Economic consulting firm NERA recently completed an analysis of the EPA’s finalized targets, and the report paints a grim picture. Electricity rates will rise under the Clean Power Plan for families in most states. Families in Nevada are projected to face cost increases of 20% or more. NERA estimates that the nation-wide cost of compliance with the CPP is $29 to $39 billion a year.

These costs will fall squarely on the shoulders of hard working Nevadans. The National Black Chamber of Commerce conducted a study that estimated poverty to rise by 26 percent and cause 12 million Hispanics to lose their jobs by 2035 if the CPP is implemented, for example. And Nevada’s population includes one of the highest percentages of Hispanics in the country

That is why it is so important that state lawmakers across the United States understand very clearly that these regulations translate directly into higher energy bills on working families who constantly struggle with everyday expenses on food, housing, health care and other necessities.
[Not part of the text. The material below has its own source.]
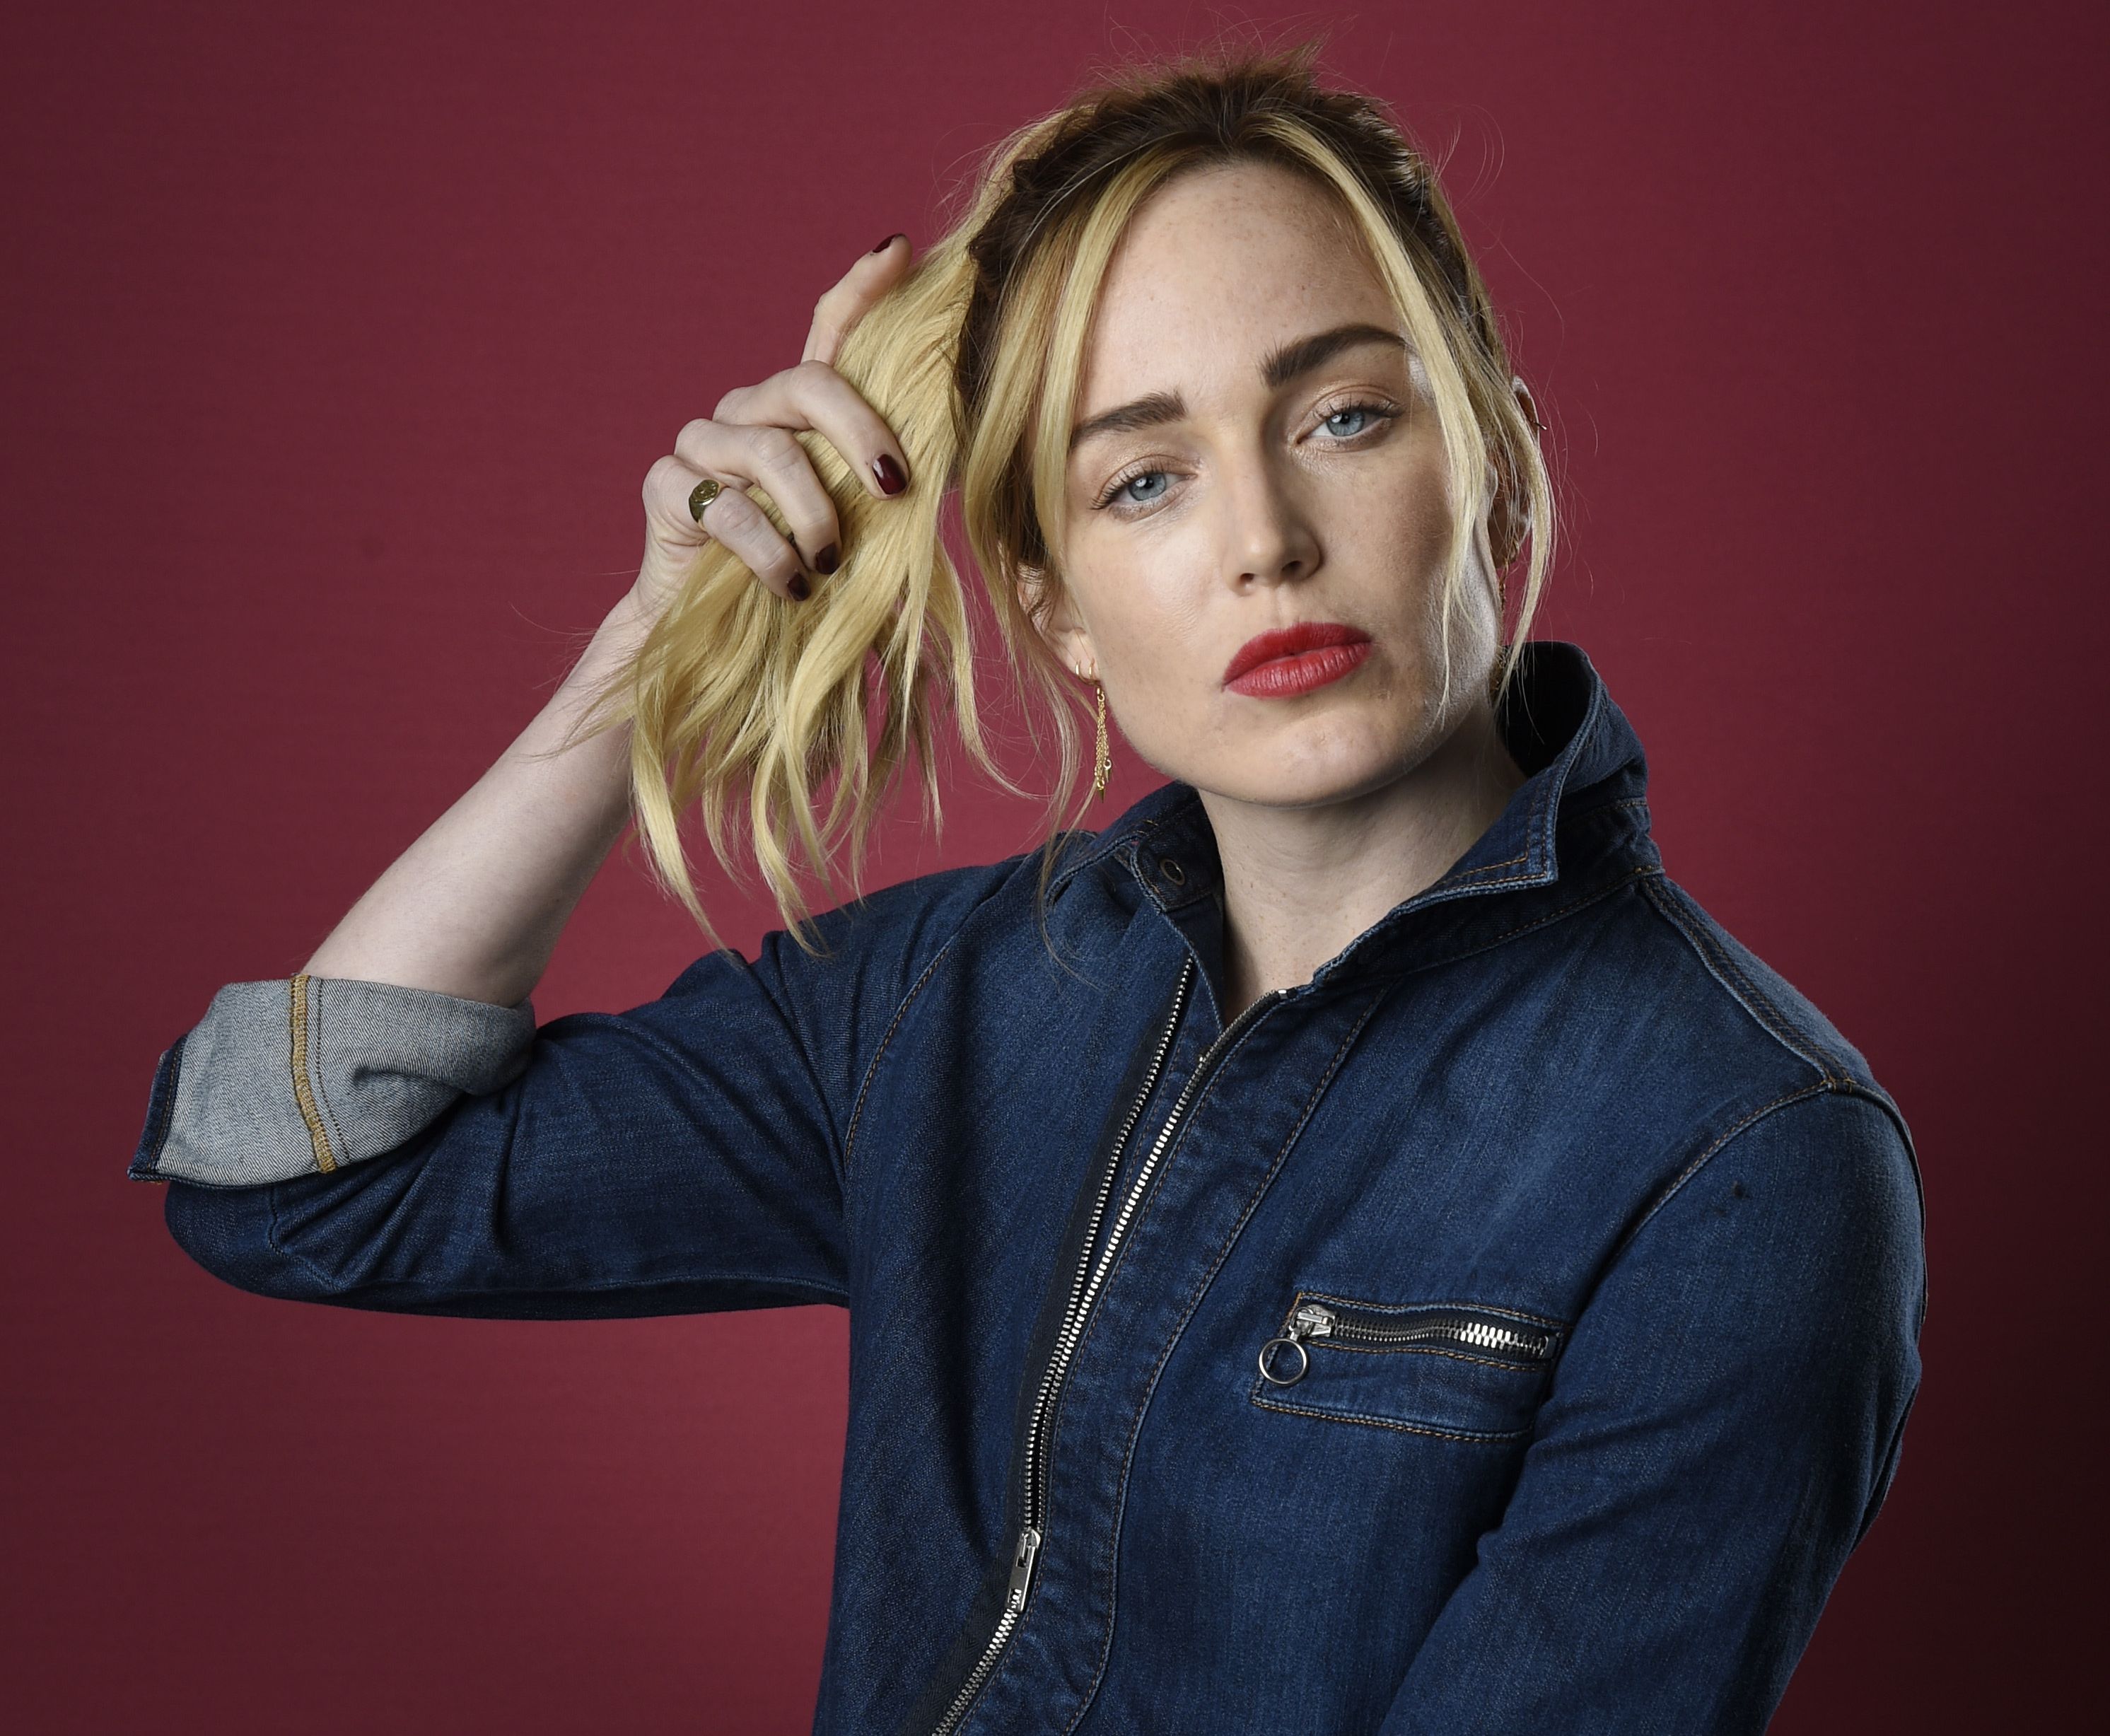 Caity Lotz In Legends Of Tomorrow 2018 HD Tv Shows 4k Wallpapers Images  Backgrounds Photos and Pictures

As if the direct hit to family budgets was not enough, increased energy prices also will result in lost jobs and higher prices on good and services.

It is worth noting that the CPP fails spectacularly to achieve its supposed goal of a better environment. Using EPA’s own model, the data shows that the regulations will reduce global temperature rise by just 0.018°C by 2100, and slow a rise in sea levels by merely 0.20 millimeters by 2050—equivalent to the thickness of two sheets of paper.

The good news is that there is something that Nevada can do to prevent this plan from wrecking our economy and burdening our vulnerable citizens. In response to the rollout of the plan, 27 states have come together to sue the EPA and contest the legality of the Clean Power Plan. These Attorneys General are not alone, as critics of the plan have spanned the political spectrum, from conservatives, to noted Obama supporter Professor Laurence Tribe of the Harvard Law School, who notably called the EPA’s approach “unconstitutional,”

Unfortunately, Adam Laxalt is not yet among the Attorneys General leading the effort against this costly and crippling plan. We urge him to approach the plan with a critical eye, and to study the potential results of implementing the CPP. With numerous legal minds calling the constitutionality of the CPP into question, Nevada would certainly benefit from conducting its own review.

The Obama administration, perhaps sensing that there might be resistance to the CPP, has offered states delays for implementing the plan in return for compliance. However, the long-term health of Nevada and its people, not political expediency, should guide the decisions of state leaders in regards to the CPP. Delaying the plan will not change the fact that the CPP is simply not right for Nevada’s families. Adam Laxalt should join his fellow Attorneys General and stand up to this economically catastrophic plan. The future of Nevada and its people depends on it.